Archive for October, 2004

election links

Saturday, October 30th, 2004

I’m doing some last-minute reading-up on election issues this weekend, in hopes I can find some reason to vote for, rather than against, somebody. This essay in The Economist could probably be used in support of either candidate, though they hesitantly favor Kerry. I’ll continue posting links (perhaps some by people who can actually vote in this election!) if I find anything interesting.
One from U.S. News & World Report on the fear factor and how things have changed.

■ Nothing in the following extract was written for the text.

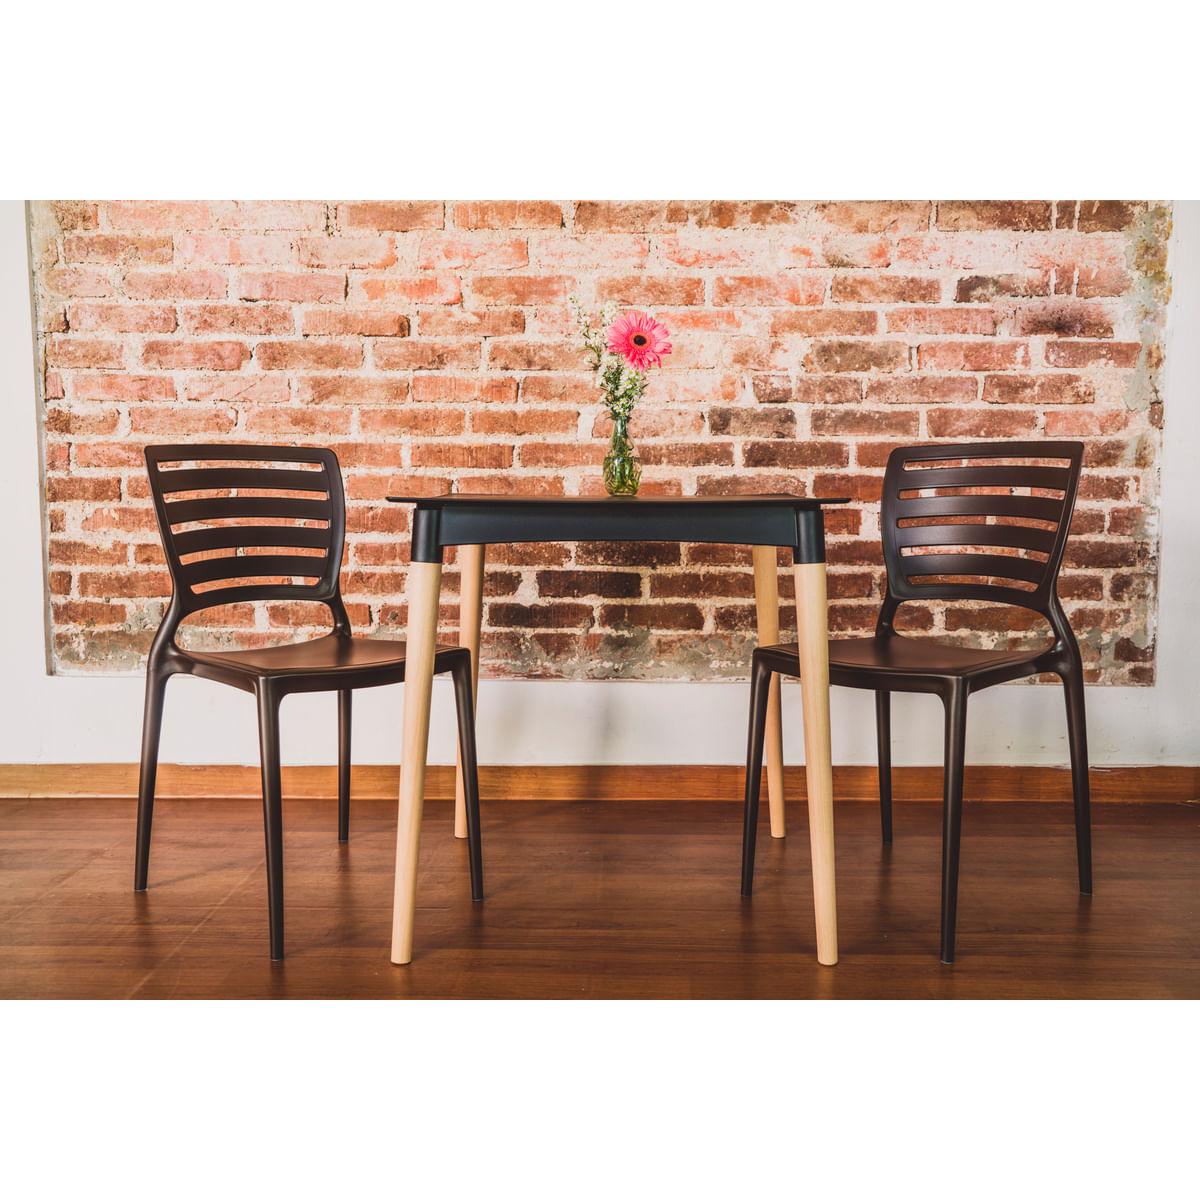 Cadeira Sofia encosto horizontal marrom Tramontina 92237109

Sunday, October 24th, 2004

On Friday Andy arrived at my temporary place of employment to pick me up, bringing with him a Jello and a broken car. The Jello was for the potluck/Bible study we were supposed to go to that night; the broken car was (probably) due to a faulty new alternator which was installed that day. Apparently Andy had a Bermuda Triangle experience while traveling down I-96, in which all the idiot lights blinked on one at a time, then began flashing in unison, while the electricity began flickering on and off. He barely made it to my TPOE’s parking lot before it died altogether. So we called AAA, which came promptly and delivered the car to the mechanic and us home. The Jello has lived a much more eventful life than most Jellos, having received a tour of the TPOE’s refrigerator and a ride in the tow truck, and is now being enjoyed by us instead of the potluckers while we’re waiting on tenterhooks to find out what the damage is this time.
In other news, the latest Netflix offerings have been Guys and Dolls and Mean Girls. This 1955 version of Guys and Dolls didn’t live up to my first experience with it, when performed at Lincoln, Nebraska’s Community Playhouse, but it was interesting to see Marlon Brando sing. Mean Girls was about what I expected. I’m a sucker for these teen revenge of the nerdy girls comedies.

no comment.

Tuesday, October 19th, 2004



Thursday, October 7th, 2004

I finally signed up with a temp agency, and have an assignment which started this week and lasts two weeks more. It is definitely the most boring job I’ve ever had, even worse than painting guide posts, but somehow I don’t mind it. I can listen to music all day and not think about anything. It’s pleasant.
Bumper sticker I recently saw: “I’m the Christian that the devil and the liberal media warned you about.” Doesn’t matter what you think about Christians, the devil, or the media: that’s one good bumper sticker.

a political post

Friday, October 1st, 2004

It’s interesting the way extremes start to become each other. Here’s Barbara Ehrenreich, proposing to disenfranchise anybody who votes Republican by demanding a recall of the duly elected President (or instigating a bloody coup, it’s quite ambiguous what exactly she’s proposing here), should he turn out to be a Republican. This is on behalf of disenfranchisement of minority voters, since she’s already decided any Republican victory will necessarily have been the result of fraudulent…disenfranchisement. (Already tired of that word). I’m not sure of the point of the part of her article where she tries to determine what institution will give the official word re. election fraud, since it’s clear the issue has already been decided.
Apparently, I’ve sunk low enough to start attacking The Progressive, ordinarily much too easy a target. See what this election is doing to me?!?
(In order to attempt to maintain my bipartisan status, I’ll be looking for some conservative commentator to get exasperated with next.)